MATERIALS AND METHODS
Plant Material
Heliotropium indicum plants were grown in the greenhouse at approximately 25°C and were propagated by shoot cuttings. Symphytum officinale and Cynoglossum officinale plants were grown in the institute garden, some of them being potted to allow easy sampling of the roots.

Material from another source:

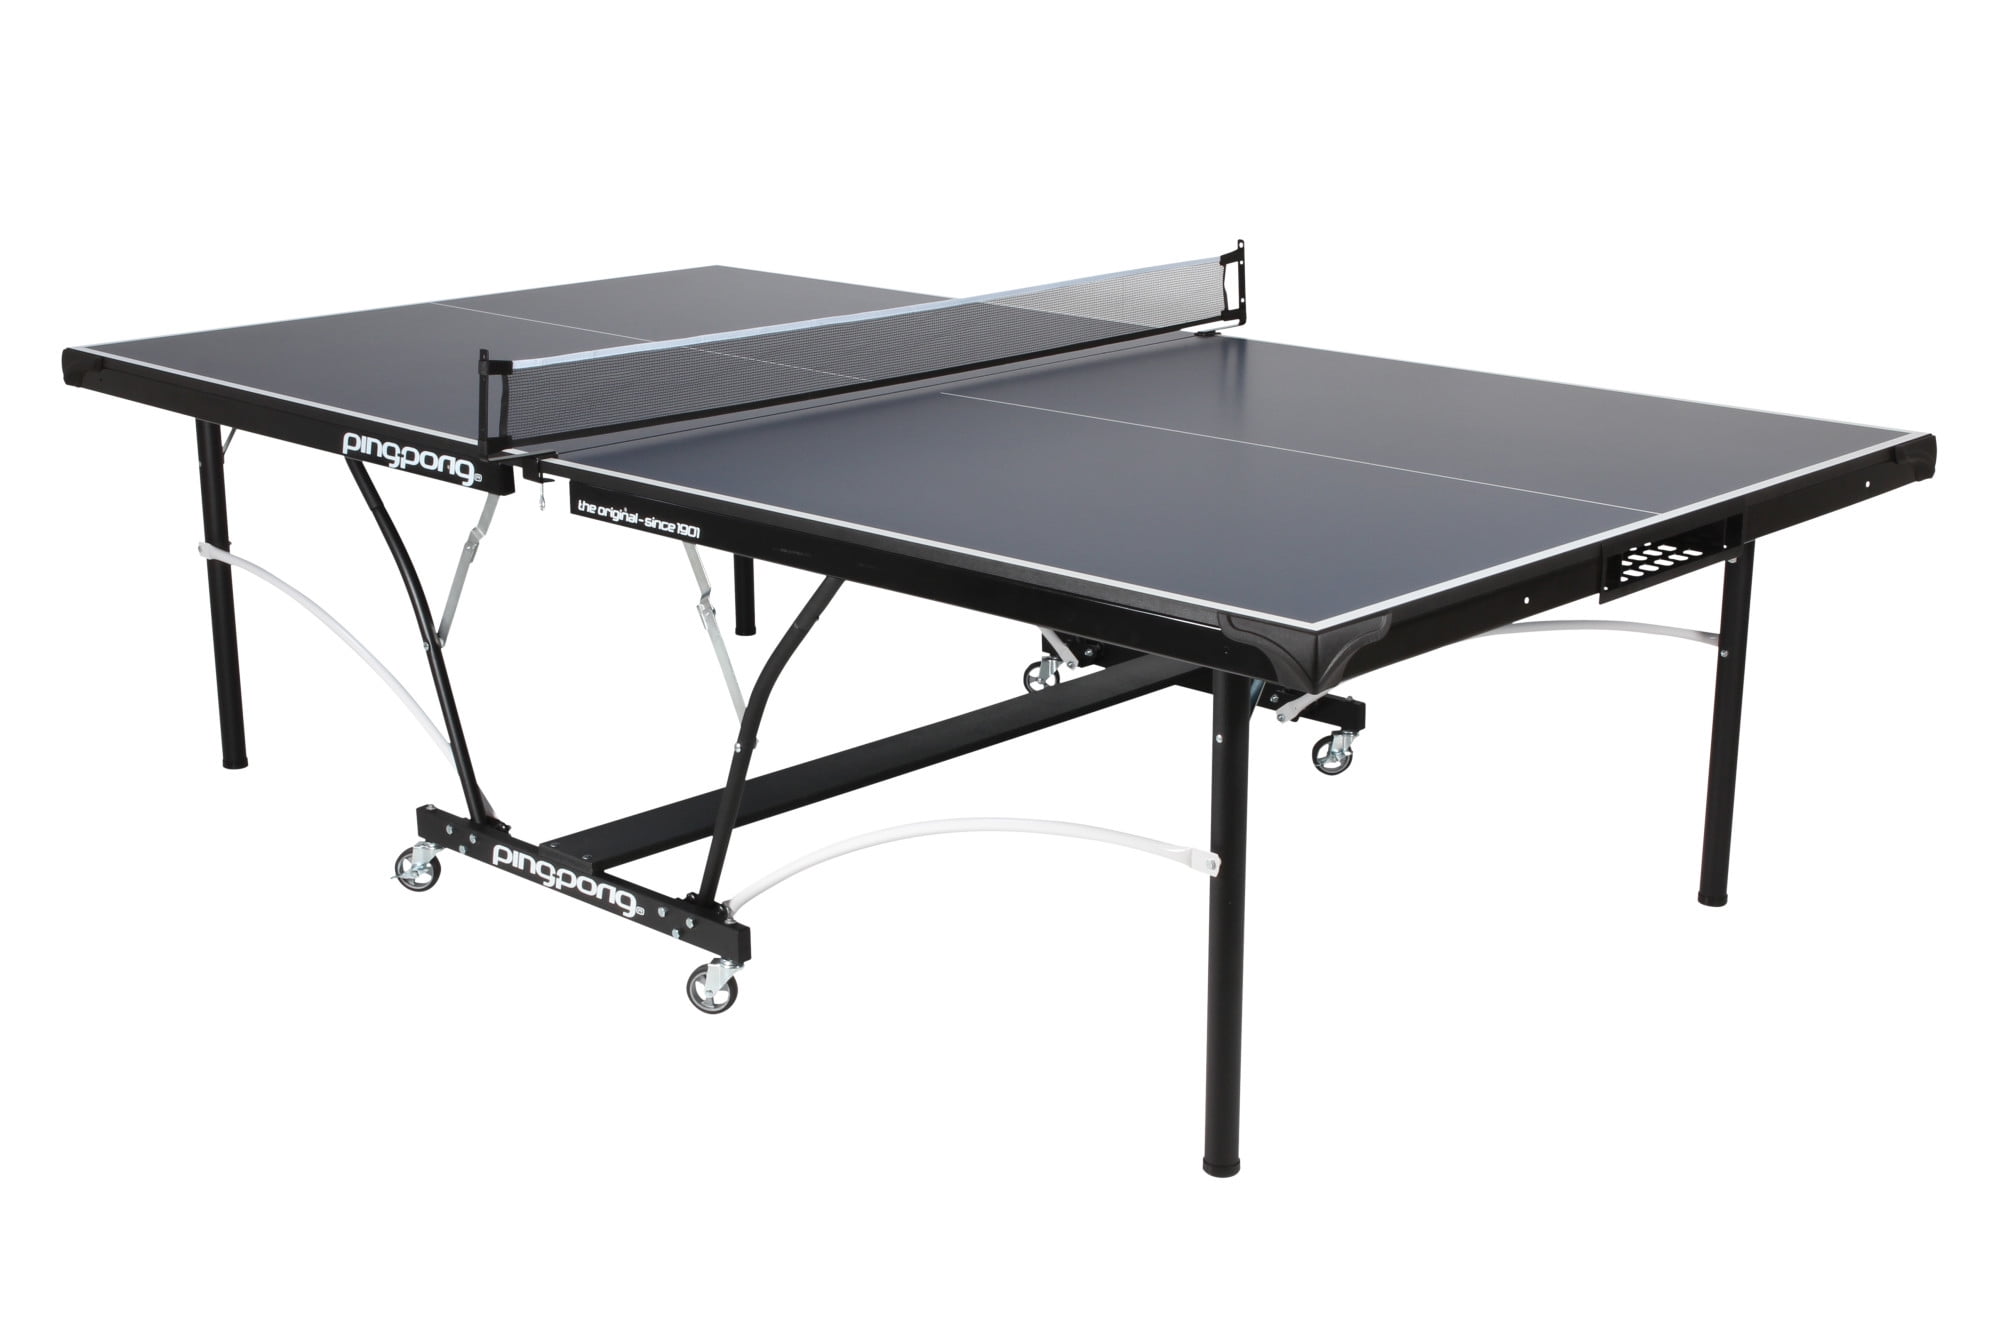 PING-PONG Ultra II Table Tennis Table

RNA Isolation and Semiquantitative RT-PCR
Samples of various plant tissues were pulverized in liquid nitrogen in a mortar before total RNA was extracted with the RNeasy Plant Mini Kit (Qiagen). For each sample, 1 µg of total RNA was used as a template for RT with an oligo(dT)17 primer (Supplemental Table S1) by using SuperScript II Reverse Transcriptase (Invitrogen). PCR with Taq DNA polymerase was performed with the following primer pairs (and annealing temperatures): P1/P3 (60°C) for HSS and P4/P6 (60°C) for DHS of H. indicum, P7/P9 (60°C) for HSS and P10/P12 (60°C) for DHS of S. officinale, P13/P15 (57°C) for HSS and P16/P18 (57°C) for DHS of C. officinale. Aliquots were taken after 30 and 35 cycles to ensure sampling before saturation of PCR product formation. The identity of the PCR products was confirmed by sequencing. To test for reproducibility of RNA quantification, an aliquot of 1 µg of each RNA sample was separated together with the PCR products on a 1% (w/v) agarose gel.

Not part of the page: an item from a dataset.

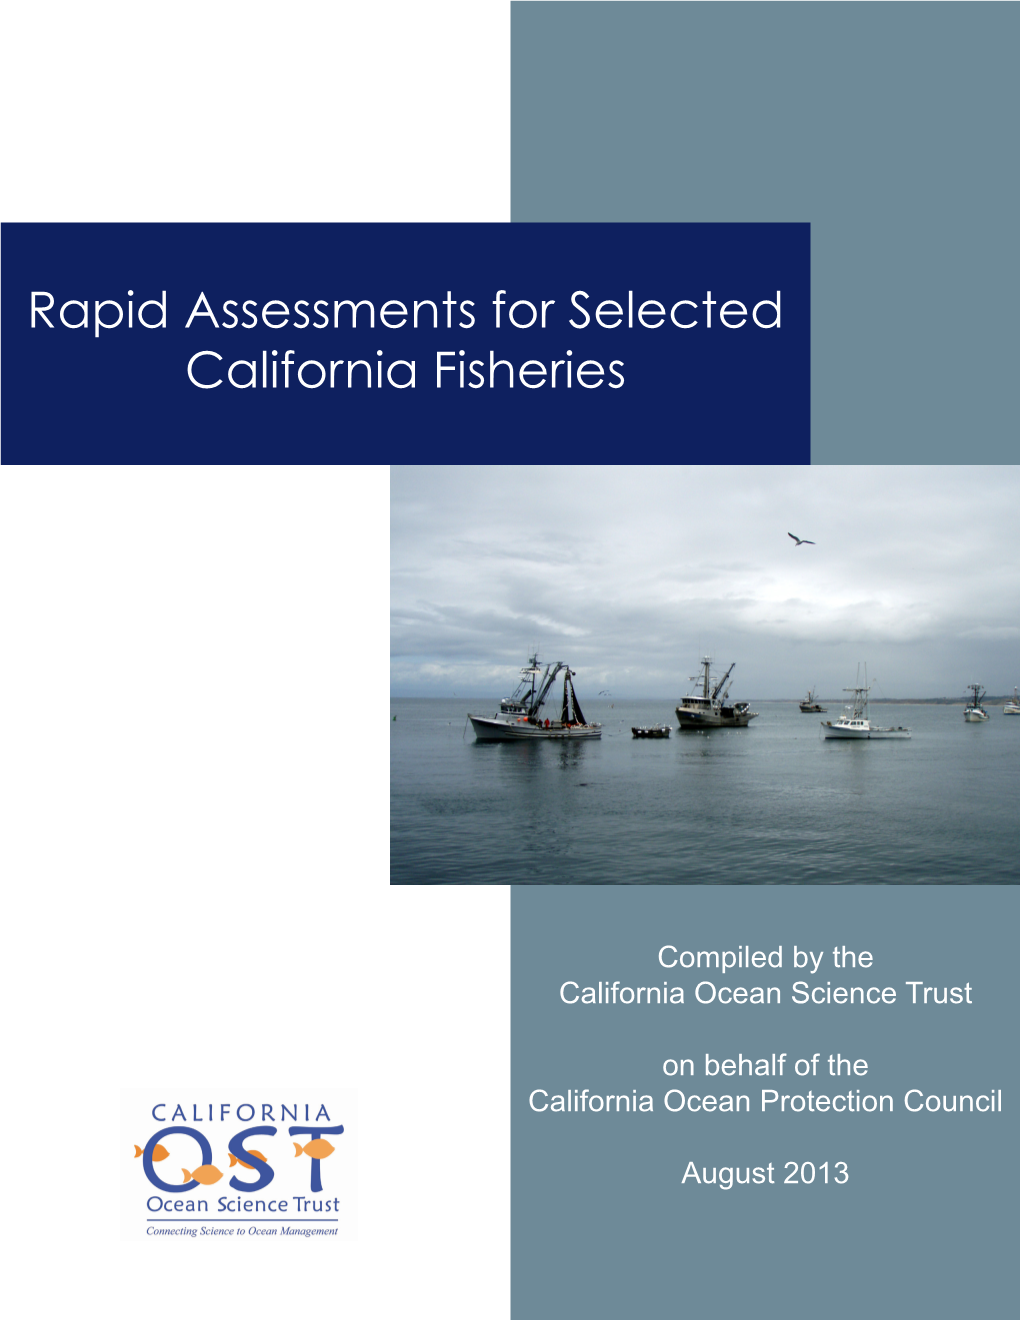 Rapid Assessments for Selected California Fisheries

Recombinant Protein Expression
To generate and test the specificity of polyclonal antibodies against HSS of H. indicum, S. officinale, C. officinale, and Jacobaea vulgaris, recombinant HSS and DHS of each species were expressed and purified. The cDNAs encoding HSS and DHS of all four species were amplified and cloned into pET3a/pET3amod expression vectors according to Reimann et al. (2004) but with modified reverse primers that encoded a 6× His tag directly in front of the stop codon (Supplemental Table S1). The expression vector pET23a was used only for the expression of HSS and DHS of J. vulgaris. Expression constructs were introduced into Escherichia coli BL21(DE3) and expressed as described previously (Ober and Hartmann, 1999a). E. coli cells were harvested by centrifugation, suspended in lysis buffer (50 mm NaH2PO4, 300 mm NaCl, and 20 mm imidazole), and broken up by sonication. His-tagged proteins were purified with nickel-nitrilotriacetic acid agarose (Qiagen) according to the manufacturer’s instructions. A cobalt-containing resin (Talon Metal Affinity Resin; Clontech) was used only in the case of the HSS of S. officinale.

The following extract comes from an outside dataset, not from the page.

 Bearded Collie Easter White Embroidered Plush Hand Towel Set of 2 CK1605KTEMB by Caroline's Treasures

Polyclonal Antibody Preparation and Affinity Purification
Recombinant HSS of H. indicum, S. officinale, C. officinale, and J. vulgaris was used to raise polyclonal serum in rabbits (Bioscience). For affinity purification, 1 to 5 mg of purified recombinant HSS was coupled to cyanogen bromide-activated Sepharose 4B (GE Healthcare). The resulting matrix was used to purify the polyclonal antibodies as described previously (Anke et al., 2004). The antibodies used in this study against HSS of H. indicum, S. officinale, C. officinale, and J. vulgaris were tested on immunoblots for their cross-reactivity to DHS of the same species. Two gels for SDS-PAGE were prepared, each with identical amounts of purified recombinant HSS and DHS of H. indicum, S. officinale, C. officinale, and J. vulgaris. After the blotting step, one membrane was used for protein staining with India ink to ensure equal loading of HSS and DHS protein samples, and the other was developed as an immunoblot with the antibody against HSS of the respective species. In all analyses, the antibody against HSS was also able to bind to the DHS of the same species, but with a 5- to 10-fold (H. indicum), 5-fold (S. officinale), 10-fold (C. officinale), or 5-fold (J. vulgaris) lower affinity than to HSS.
Protein Gel-Blot Analysis
Various tissues were sampled, immediately frozen in liquid nitrogen, and stored in −80°C until use. For protein extraction, the samples were pulverized in a mortar in the presence of liquid nitrogen and extracted twice in phosphate-buffered saline supplemented with 5% (m/v) polyvinylpyrrolidone and 2.5% (w/v) sodium ascorbate. The addition of polyvinylpyrrolidone and sodium ascorbate reduced protein precipitation during sample preparation by polyphenols present in large amounts in tissues of Boraginaceae plants. Protein separation by SDS-PAGE, semidry blotting, and immunodetection was carried out as described by Anke et al. (2008). To estimate the mass of protein fragments, the protein molecular mass marker 14.4 to 116 kD (Fermentas) was used.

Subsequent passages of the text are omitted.